SINGAPORE — A worker found lying at the third floor staircase landing of Khoo Teck Puat Hospital (KTPH) earlier this year was found to have committed a deliberate act of suicide, the State Coroner ruled on Friday (25 September).
“I also acknowledge that assessment of suicide risk is extremely difficult. In this instance, Mr Alagu did not demonstrate behaviour that suggested suicidal intent,” State Coroner Kamala Ponnampalam said on Alagu Periyakaruppan’s death on 23 April this year.
Alagu, a 46-year-old Indian national, had been diagnosed with COVID-19 and warded in KTPH when he prised open a window panel beside his bed, slipped out, and fell four storeys to his death. He was found directly in line with the window which he fell out of. Despite resuscitation efforts, he was pronounced dead at 7.15am.
Just two days before his suicide, Alagu mentioned in a phone conversation to his nephew that the younger man would have to take care of Alagu’s family. Alagu had told Veerappan Meenakshi Sundram, 24, to provide a “good education” to the latter’s brother.
The nephew felt that something was amiss as his uncle had not spoken that way before. When Meenakshi tried to probe further, Alagu did not elaborate. The nephew ended the conversation by reassuring his uncle that he would recover soon.
To the hospital staff, Alagu had not presented any behaviour that showed him to be a suicidal risk.

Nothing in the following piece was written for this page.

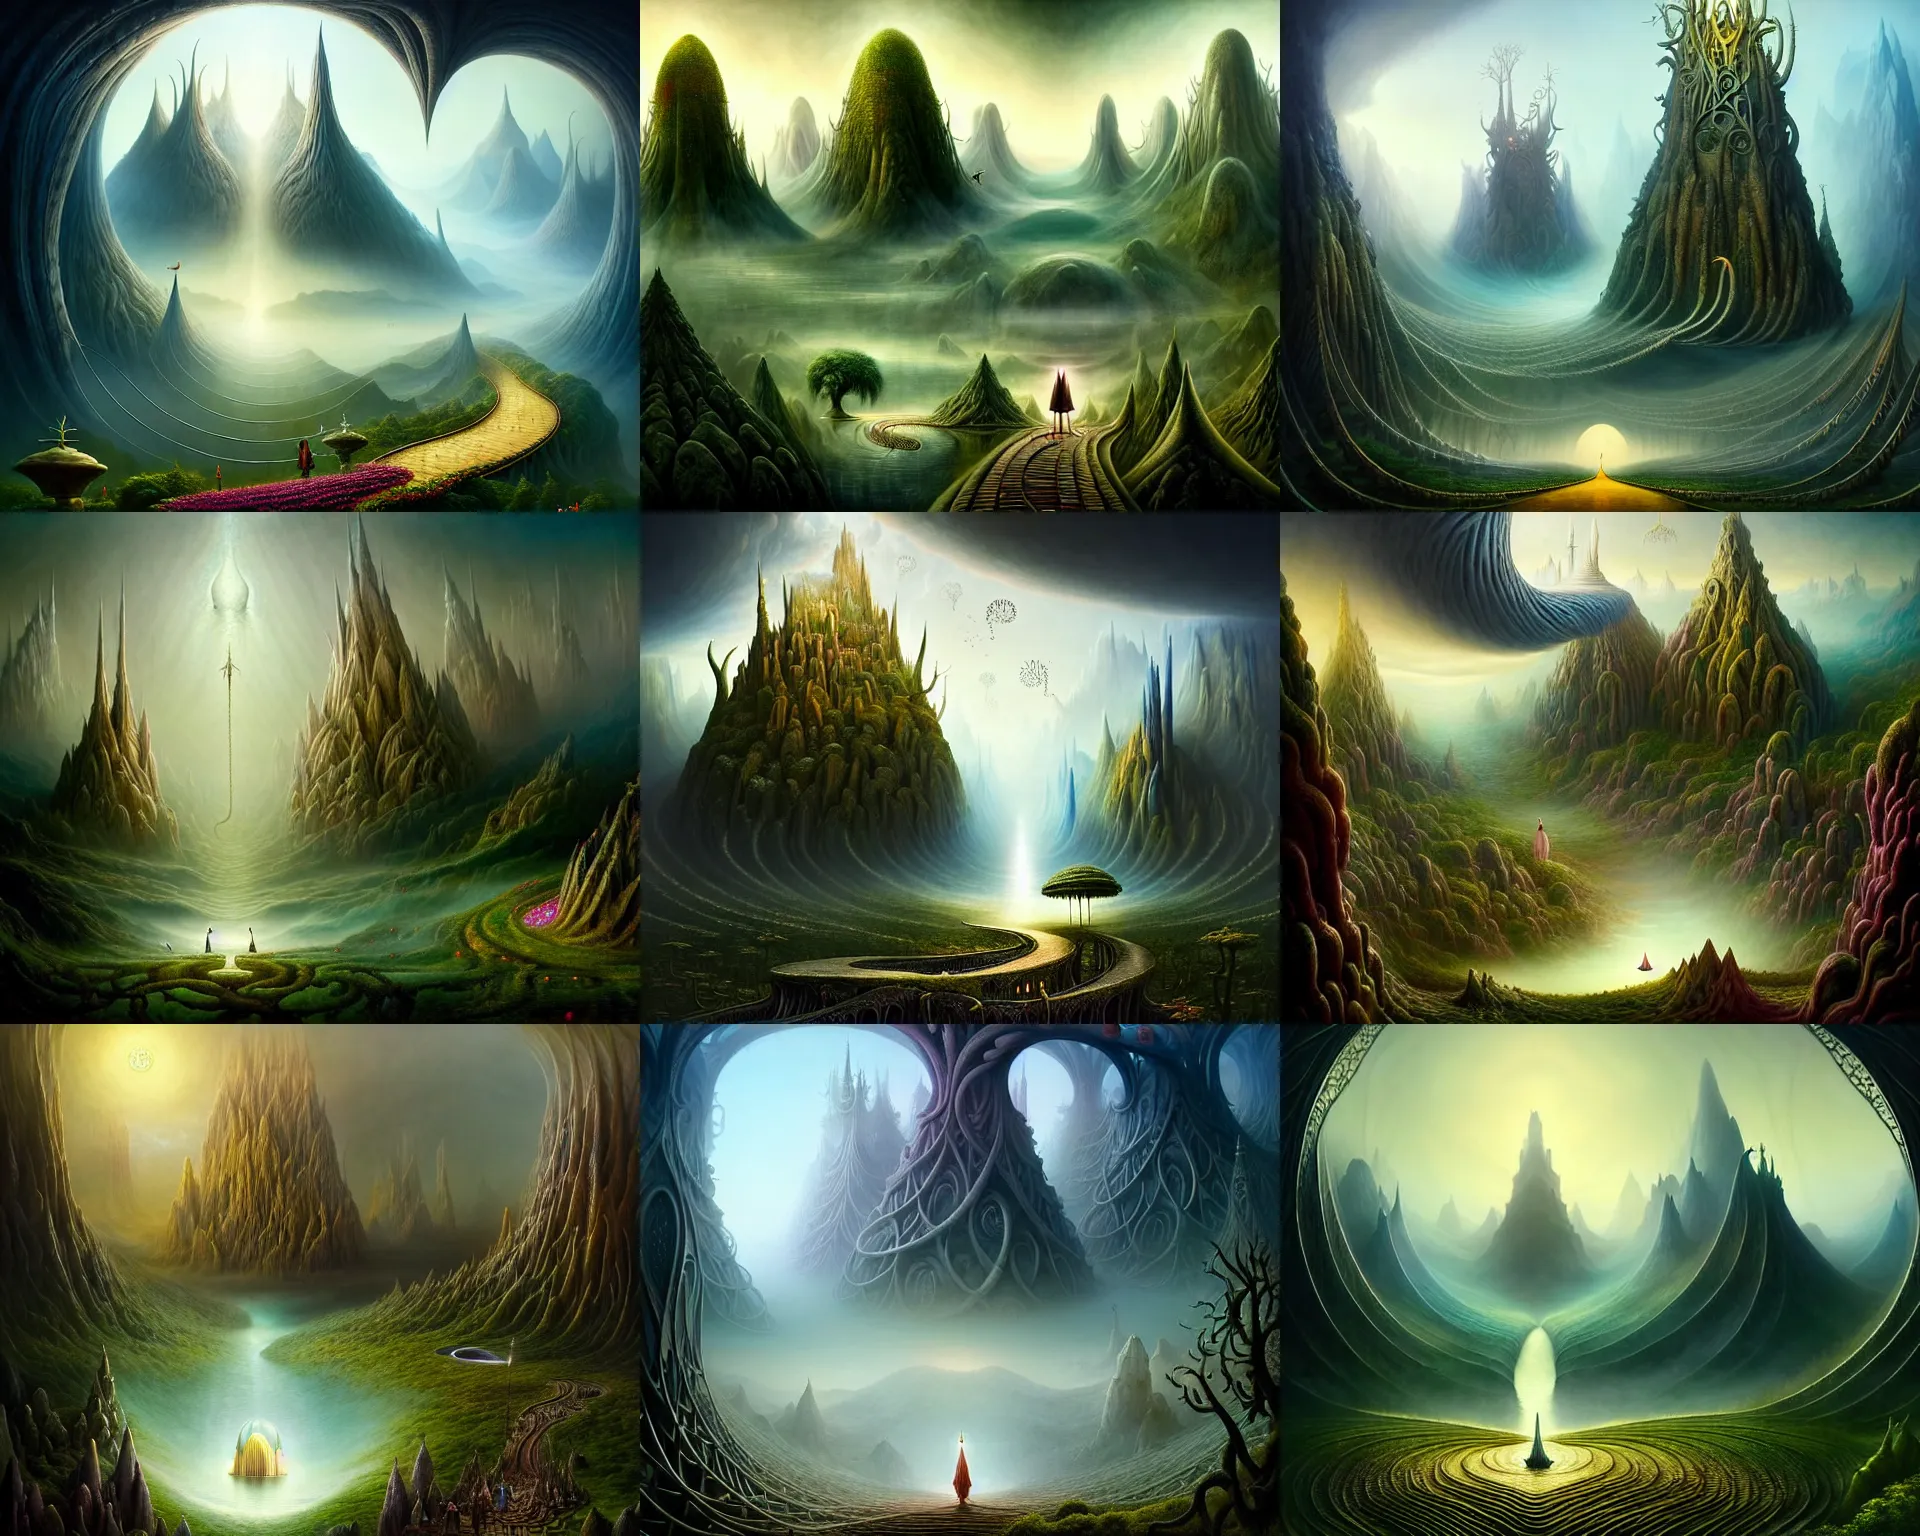 Prompt: a beguiling epic stunning beautiful and insanely detailed matte painting of the impossible winding path through the land of the elder elvish gods with surreal architecture designed by Heironymous Bosch, mega structures inspired by Heironymous Bosch's Garden of Earthly Delights, vast surreal landscape and horizon by Asher Durand and Cyril Rolando and Natalie Shau, masterpiece!!!, grand!, imaginative!!!, whimsical!!, epic scale, intricate details, sense of awe, elite, wonder, insanely complex, masterful composition!!!, sharp focus, fantasy realism, dramatic lighting

He was noted to have interacted appropriately with staff and patients and was described as “quiet, pleasant and helpful”. He had also assisted to serve food to other patients during mealtimes.
The only time he verbalised his concern was to his attending consultant, to whom he expressed his worries about his children and financial position.
The construction worker made two self-recordings in his ward’s toilet around an hour before his death, expressing his wish to end his life as he had been informed about his COVID-19 infection. He added that no one had anything to do with his decision and that he arrived at it with a sober mind.
Using a metal hook, Alagu turned to the window beside his bed to prise out the windowpane holders, Alagu then slid out the glass pane from its slot. He placed the glass pane on the floor. He then fell to his death.
His absence was only discovered by a staff nurse who was about to conduct her morning rounds at around 6.15am when she heard a thud from Alagu’s ward. Upon her investigation, she found Alagu missing from the ward and alerted her colleagues.
Another nurse who was working the night shift had heard the patient call bell from Alagu’s bed at about 1.39am. When a colleague attended to Alagu, she found him covered with his blanket and he was silent. The nurse thought that he might have pressed the bell by mistake.
The only other patient in Alagu’s ward had been admitted together with him since 19 April. The two, which were a bed apart, barely spoke to each other due to language barriers.
The patient noticed Alagu using his mobile phone on 22 April. The patient then slept through the night after taking cough medication and did not hear any thud.
Goh Kah Hong, Head and Senior Consultant of Psychological Medicine at KTPH, who chaired a committee reviewing the incident, found that there was no lapse in the hospital’s clinical care.
The doctor found that many COVID-19 patients did not have a good understanding of the virus. Following the incident, a workgroup was formed in KTPH to look into the welfare of foreign worker patients.
The hospital has also provided additional resources to these patients such as video recordings about COVID-19.
It has also taken steps to reduce fear and the feeling of isolation like providing chargers and top-up cards for mobile phones of these patients so that they can stay connected with their friends and family. Nurses also made it a point to connect with patients and had their names written on their personal protective equipment.
Following this incident, a review was conducted by KTPH’s Safety Committee and a decision was made to apply silicon to the plastic holders for all windowpanes in the hospital, to prevent them from being easily removed.